Setelah itu, proposal resmi diajukan ke Badan Bahasa untuk ditinjau oleh tim ahli linguistik.
Jika diterima, kata tersebut akan masuk dalam daftar kata edisi daring KBBI --- bukan sekadar catatan akademik, tapi pengakuan budaya. Ini seperti memahat nama kecil ke batu besar bernama bahasa nasional.
Namun, tantangannya besar. Banyak kata lokal yang gagal masuk karena tidak memiliki cukup dokumentasi. Padahal, sebagian besar bahasa daerah masih hidup dalam bentuk lisan, bukan tulisan.Â
Di sinilah pentingnya peran komunitas lokal, guru, dan peneliti untuk merekam dan menuliskannya.
Bukan hanya palum, banyak kata lokal lain yang juga berpeluang memperkaya bahasa Indonesia. Kata ngayah dari Bali yang berarti "bekerja tulus tanpa pamrih," atau mapalus dari Minahasa yang berarti "gotong royong dalam kerja," misalnya, menyimpan nilai luhur yang layak dikenal secara nasional.
Ketika kata seperti palum nanti muncul di KBBI sebagai lawan kata "haus," itu akan menjadi simbol yang jauh lebih besar dari sekadar entri kamus. Ia adalah jembatan dari lokal ke nasional, dari lisan ke tulisan, dari masa lalu ke masa depan.
Harapan yang Mengakar
Harapan terbesar dari perjalanan kata palum ini adalah kesadaran kolektif bahwa bahasa daerah bukan peninggalan masa lalu, tetapi aset masa depan. Di tengah dunia global yang cenderung menyeragamkan, bahasa lokal adalah pembeda yang berharga.

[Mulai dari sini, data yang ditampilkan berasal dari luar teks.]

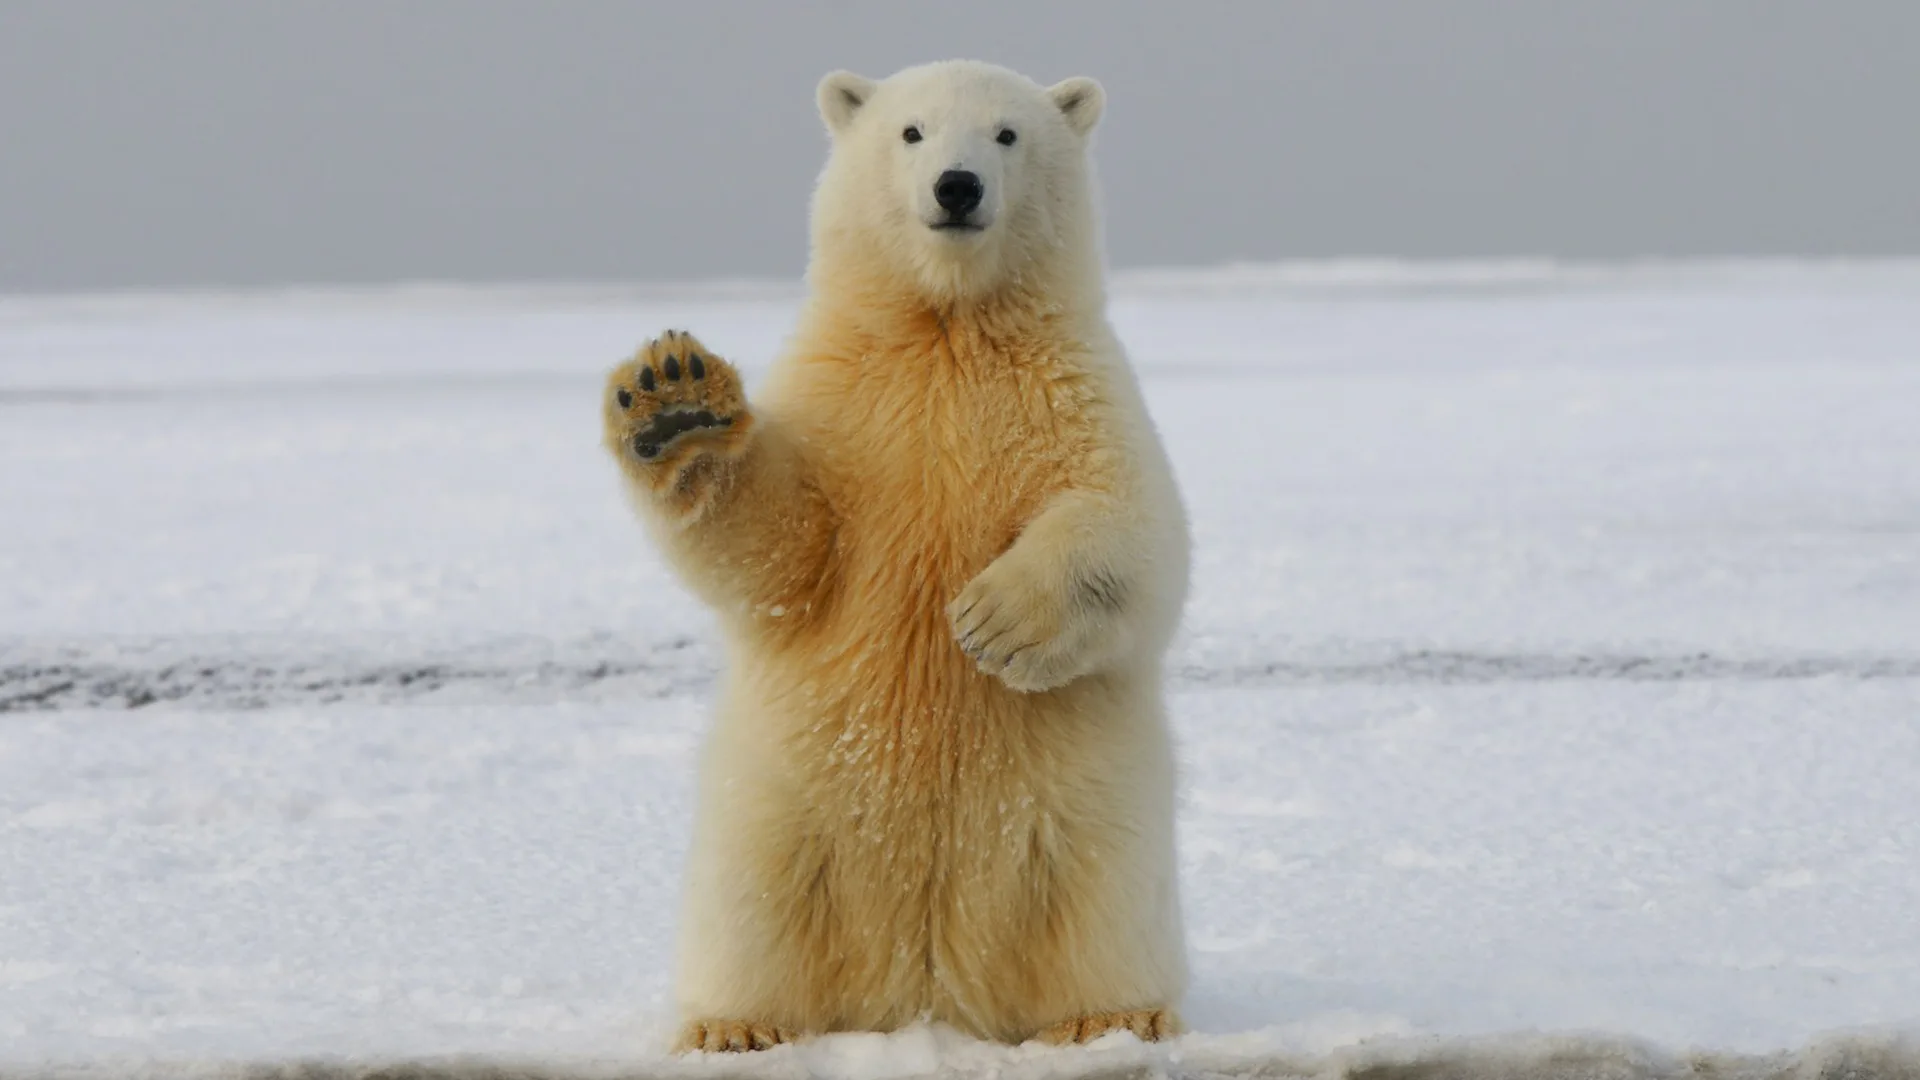 Polar bear on snow covered ground during daytime

Generasi muda perlu merasa bangga menggunakan bahasa daerahnya. Mereka tidak harus menolak modernitas, tapi bisa berdiri tegak sambil membawa akar budayanya sendiri.Â
Seorang remaja Pakpak yang bisa menjelaskan arti palum kepada temannya di Jakarta bukan sedang bernostalgia, tetapi sedang menunjukkan bahwa budaya lokalnya hidup.
Media dan komunitas digital juga bisa menjadi ruang baru bagi kata lokal. Saat sebuah unggahan TikTok menggunakan kata palum dengan penjelasan maknanya, ribuan orang bisa belajar hanya dalam satu menit. Cara-cara sederhana semacam itu bisa melahirkan dampak besar.
Harapan lain adalah agar dunia pendidikan memberi ruang bagi bahasa daerah tidak hanya di pelajaran muatan lokal, tetapi juga dalam pembelajaran lintas budaya. Dengan begitu, siswa tidak hanya tahu cara berbicara, tapi juga memahami cara berpikir masyarakat lain melalui bahasanya.